COLLECTED MATERIAL —
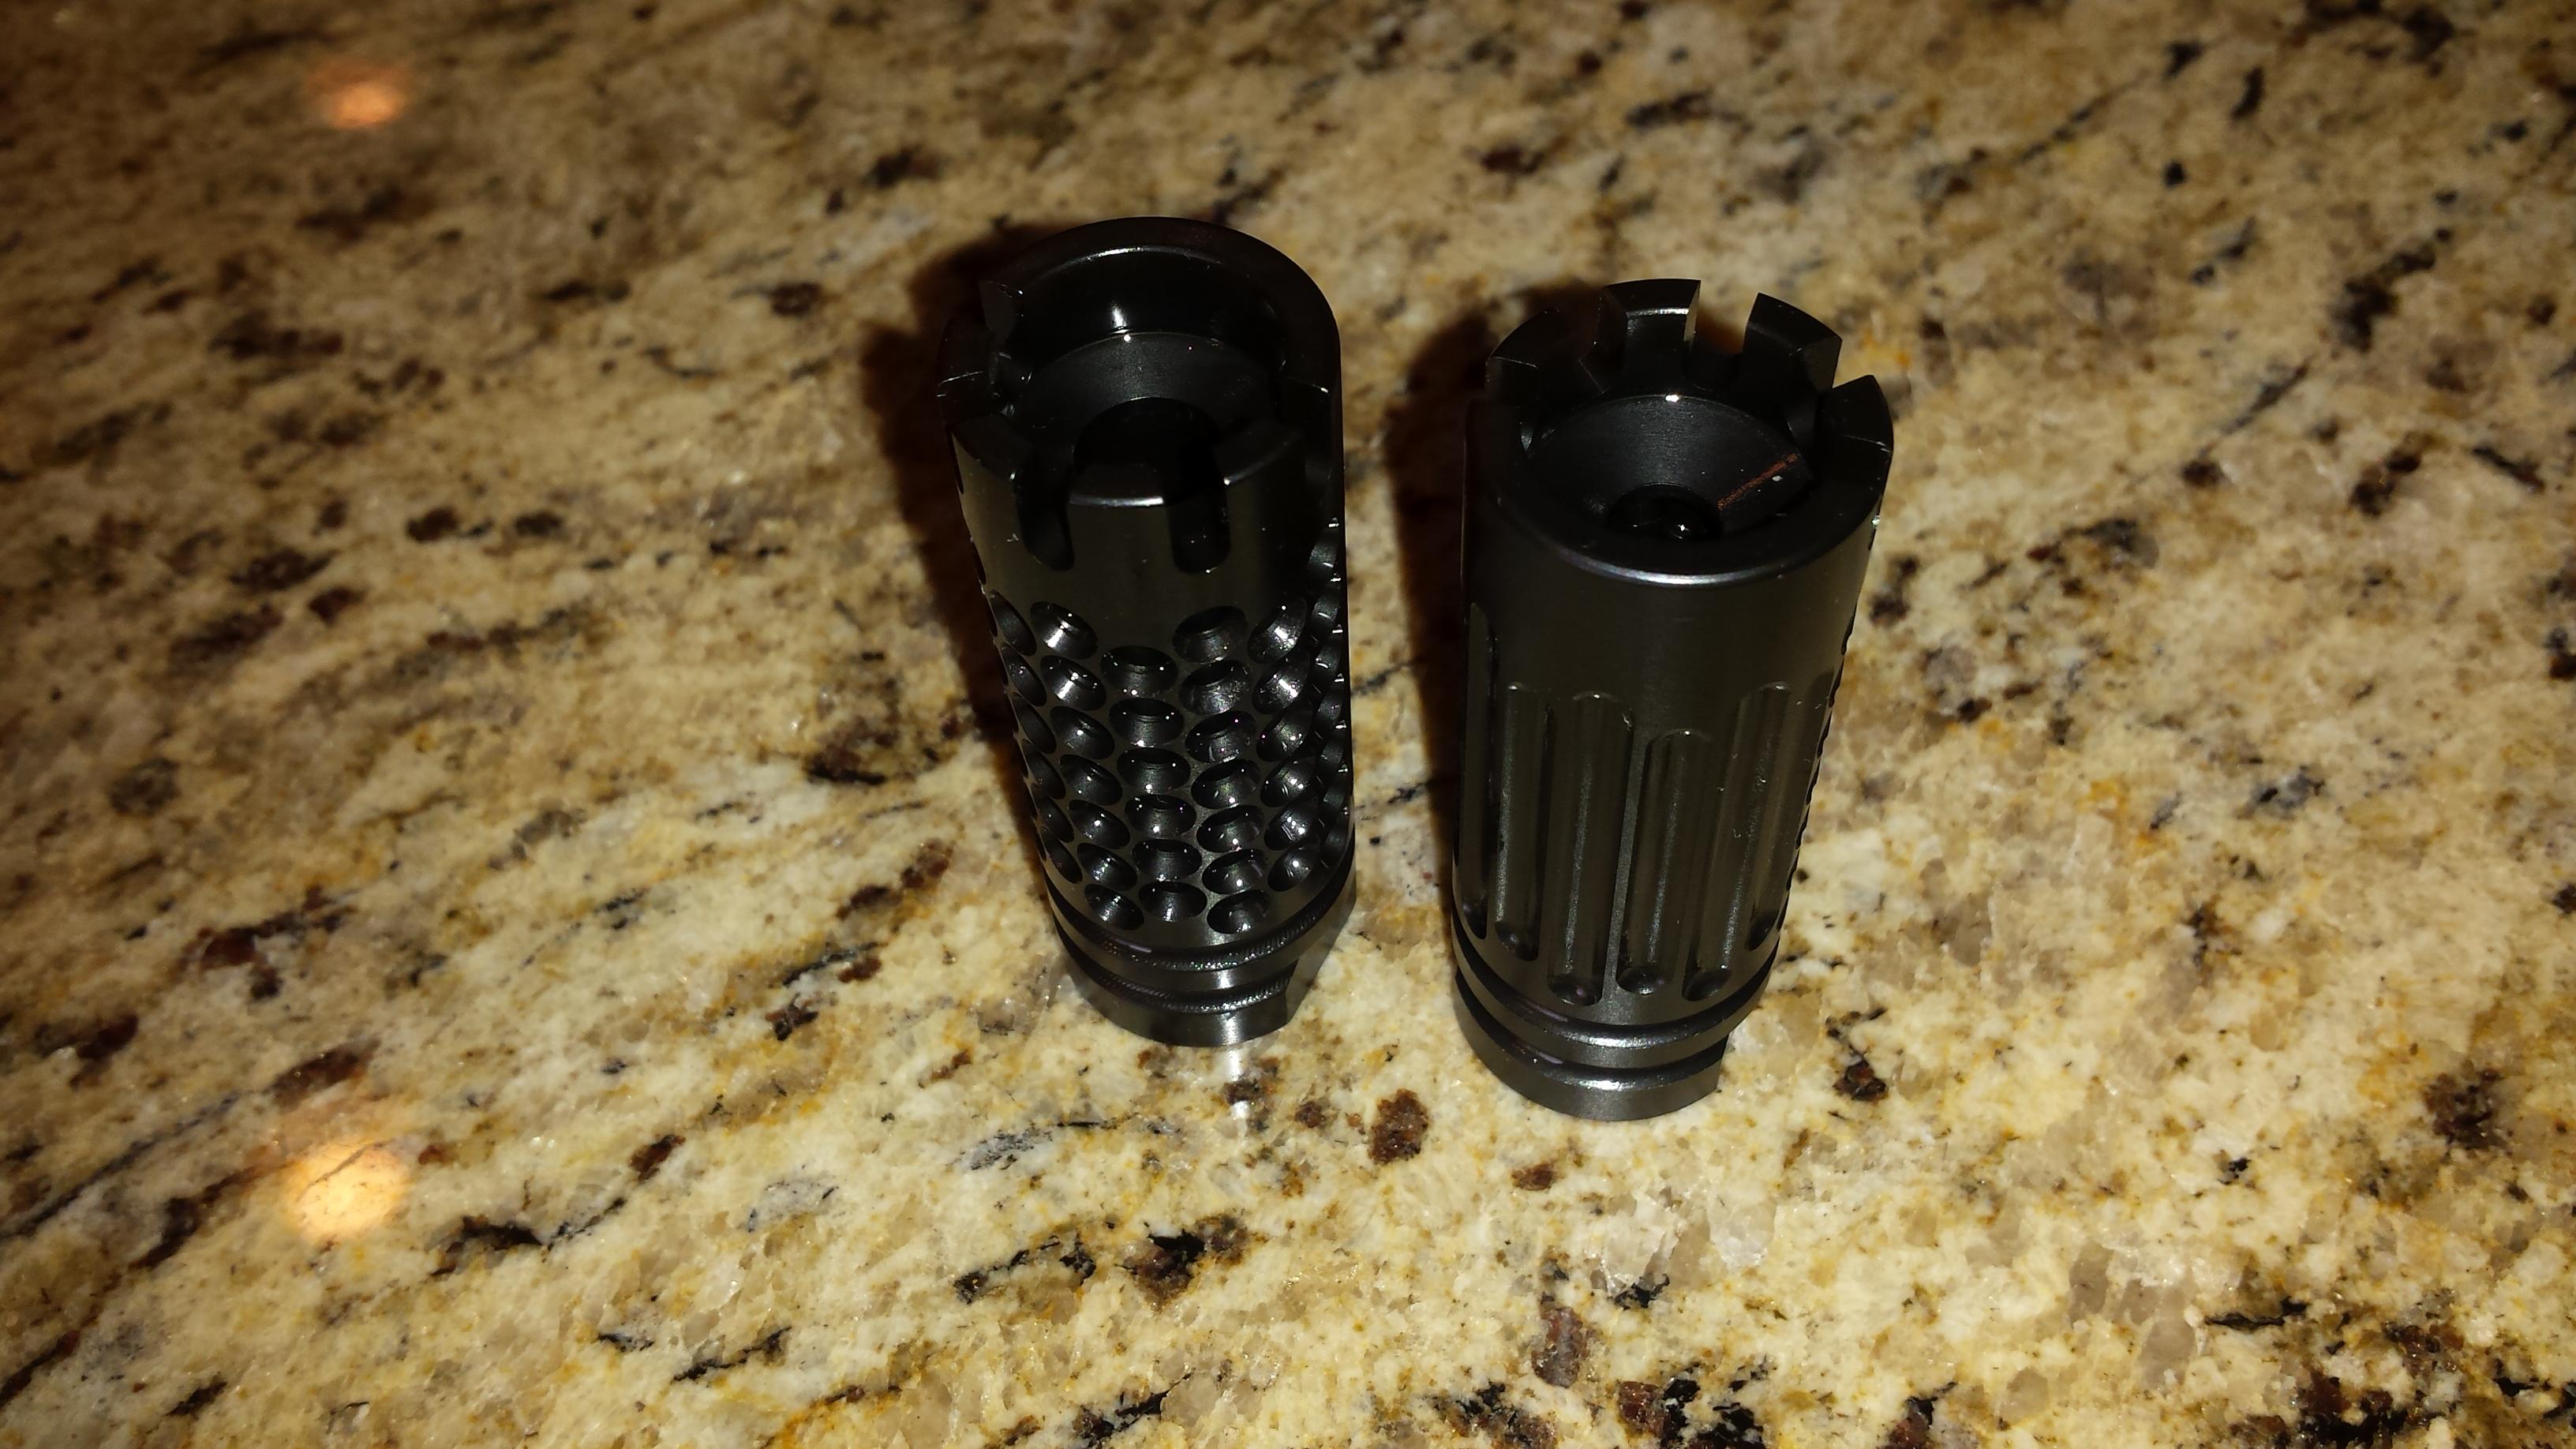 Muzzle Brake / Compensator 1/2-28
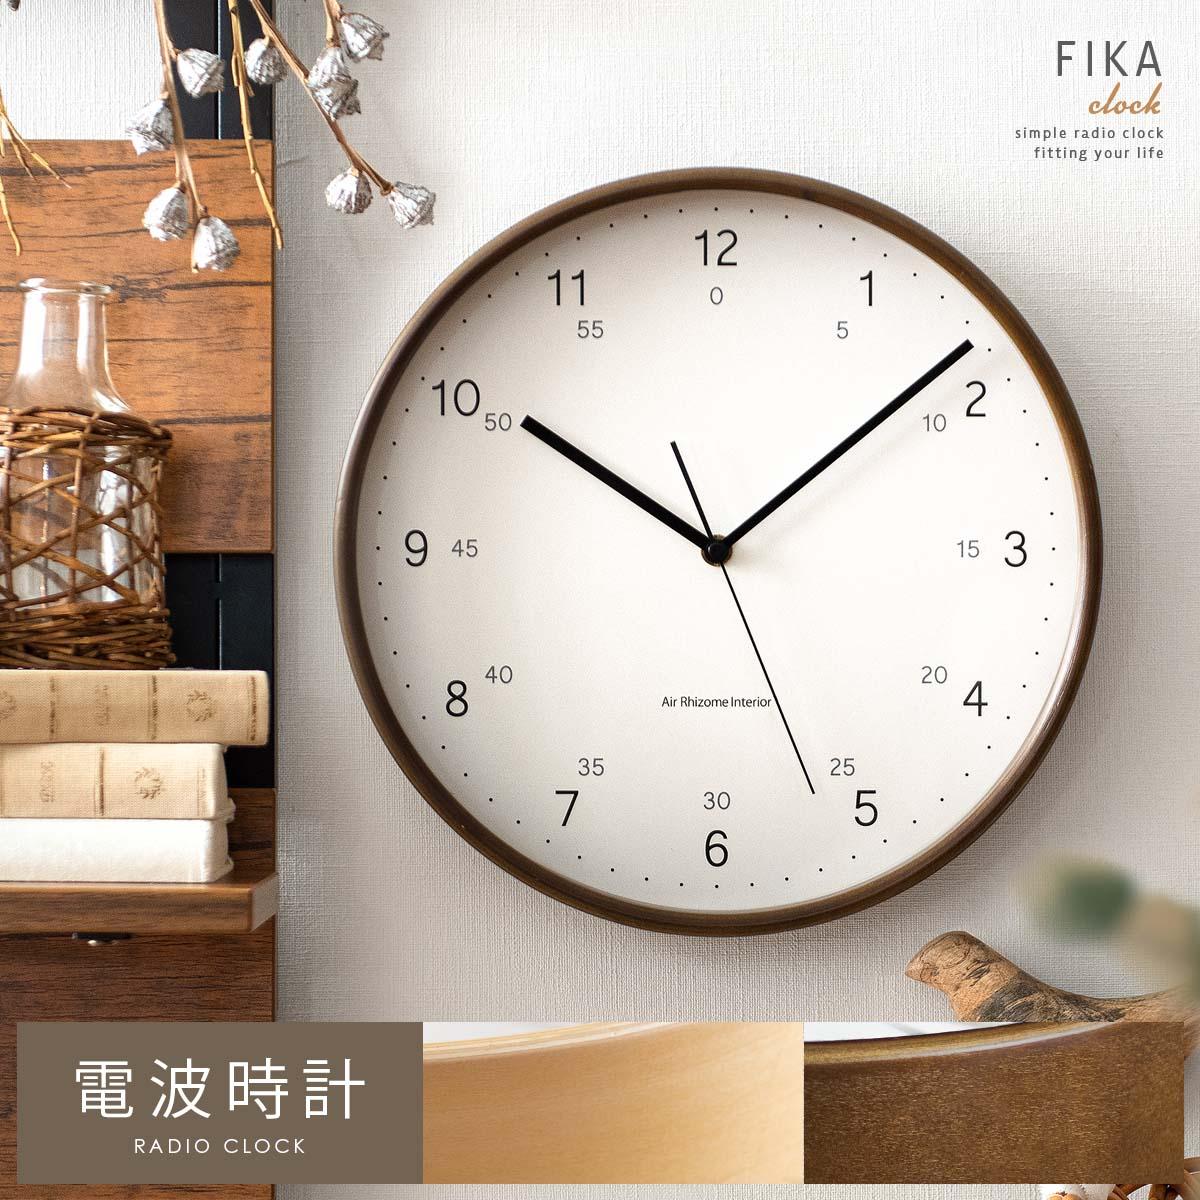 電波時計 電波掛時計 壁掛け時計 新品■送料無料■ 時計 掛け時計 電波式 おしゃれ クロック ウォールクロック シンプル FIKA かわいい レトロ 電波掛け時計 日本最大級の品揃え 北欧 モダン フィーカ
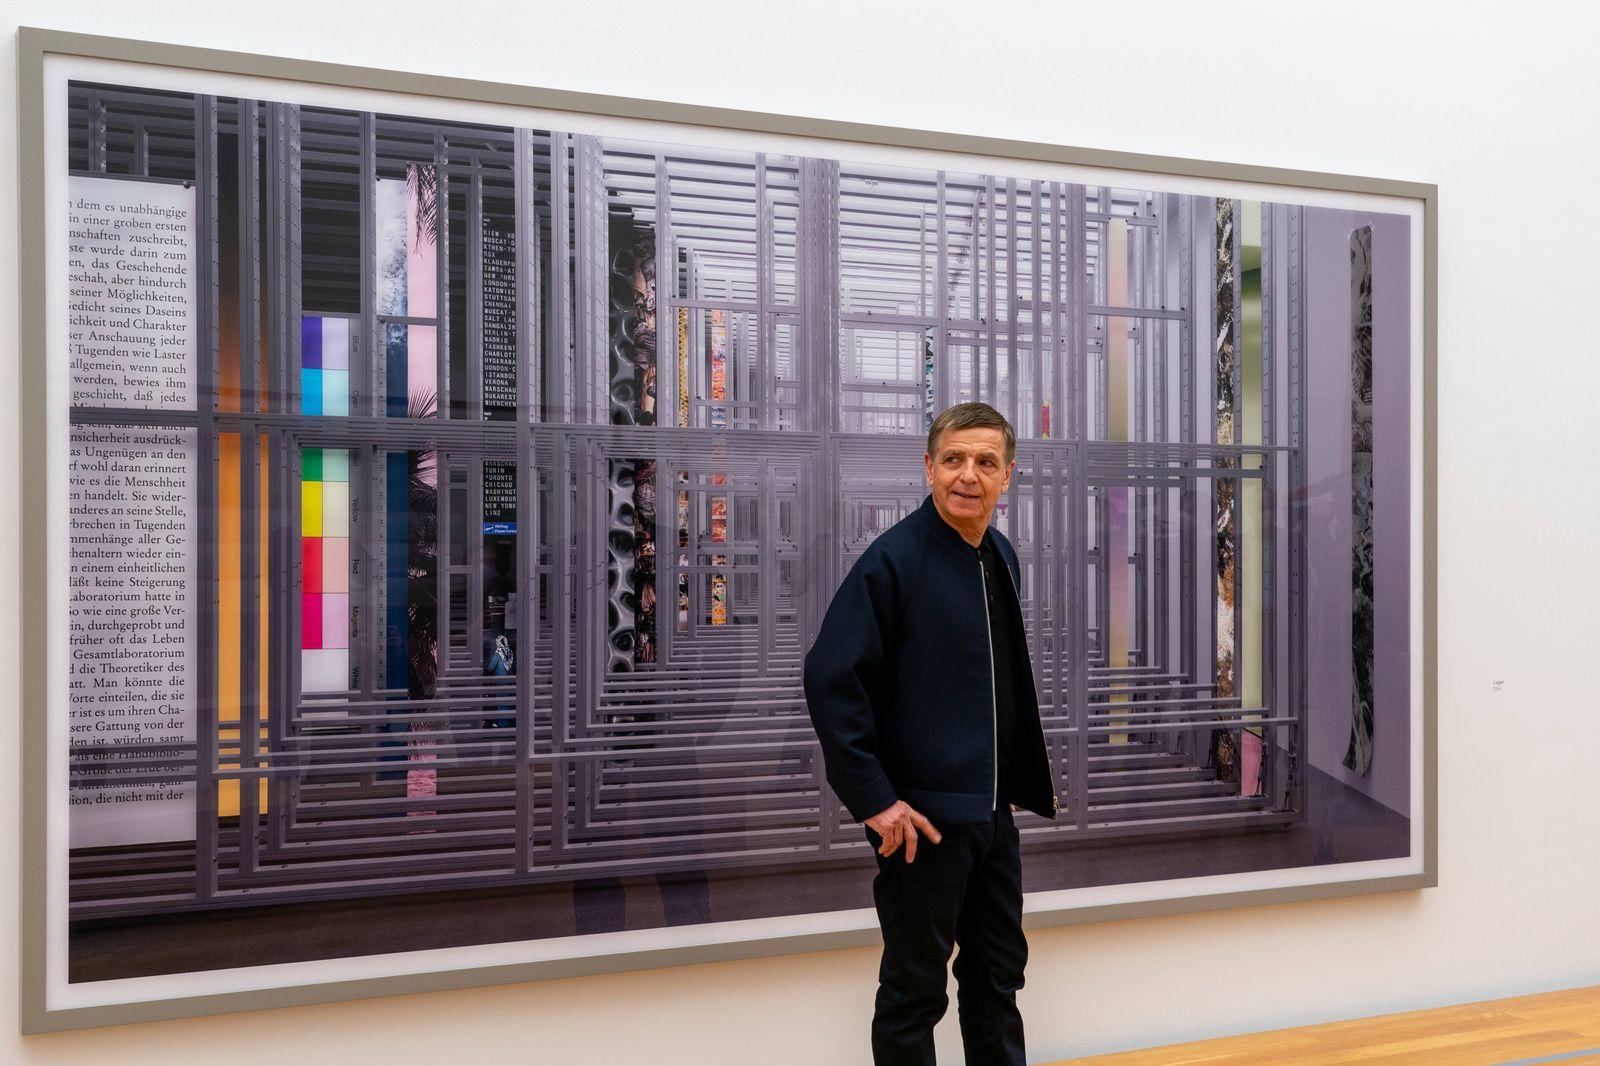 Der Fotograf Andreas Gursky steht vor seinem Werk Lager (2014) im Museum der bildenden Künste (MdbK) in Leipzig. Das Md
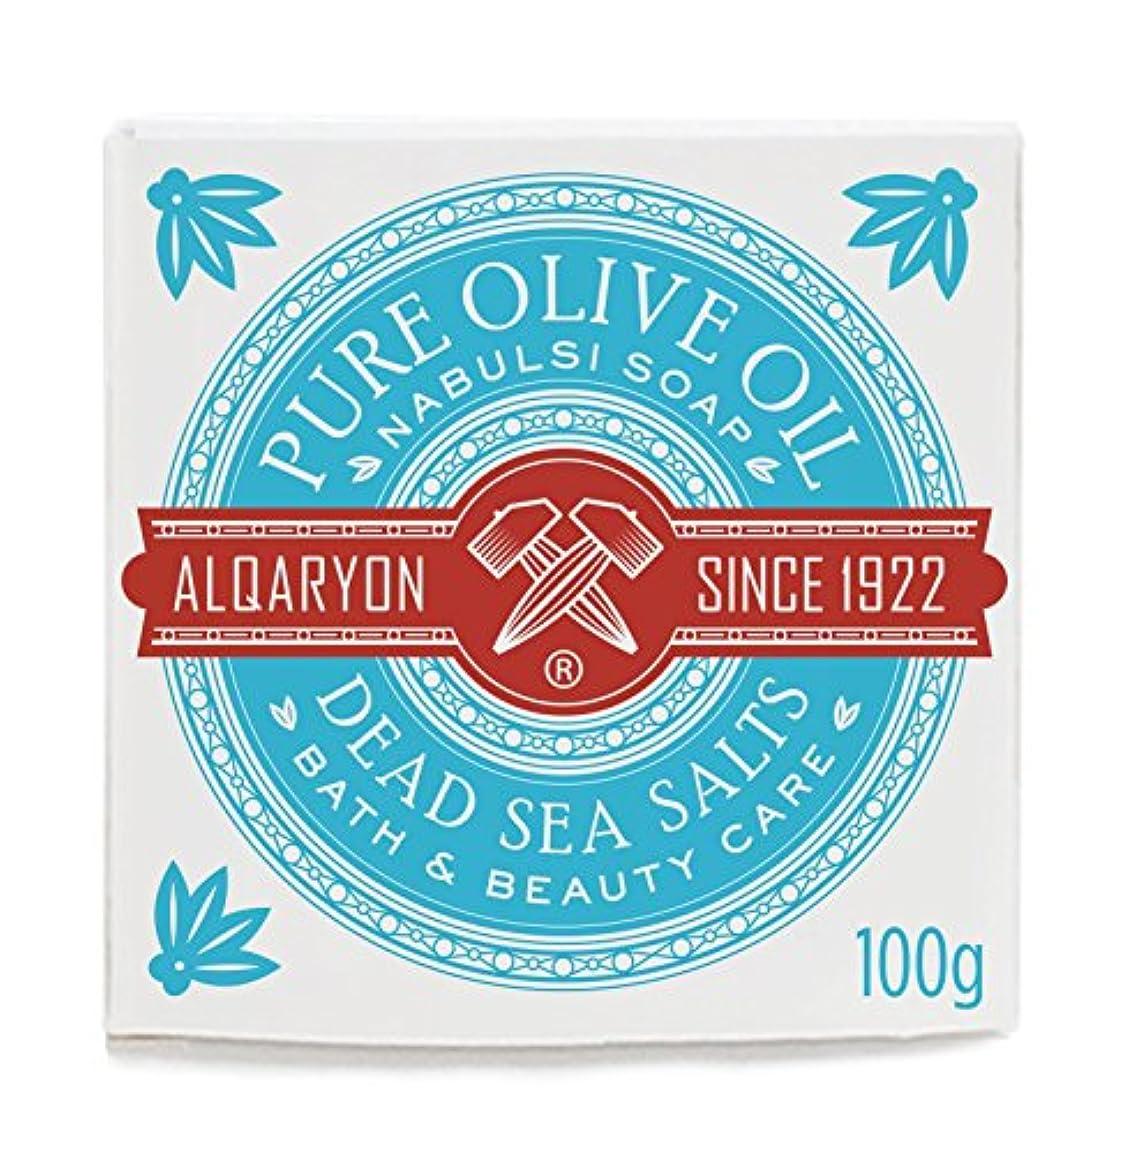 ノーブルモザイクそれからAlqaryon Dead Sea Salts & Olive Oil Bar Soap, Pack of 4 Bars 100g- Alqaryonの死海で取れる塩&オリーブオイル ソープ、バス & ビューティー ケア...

EXERCISE INSTRUCTIONS — Repeat the material above exactly. Leave every picture out of it.

TASK RESULT —
 Muzzle Brake / Compensator 1/2-28
 電波時計 電波掛時計 壁掛け時計 新品■送料無料■ 時計 掛け時計 電波式 おしゃれ クロック ウォールクロック シンプル FIKA かわいい レトロ 電波掛け時計 日本最大級の品揃え 北欧 モダン フィーカ
 Der Fotograf Andreas Gursky steht vor seinem Werk Lager (2014) im Museum der bildenden Künste (MdbK) in Leipzig. Das Md
 ノーブルモザイクそれからAlqaryon Dead Sea Salts & Olive Oil Bar Soap, Pack of 4 Bars 100g- Alqaryonの死海で取れる塩&オリーブオイル ソープ、バス & ビューティー ケア...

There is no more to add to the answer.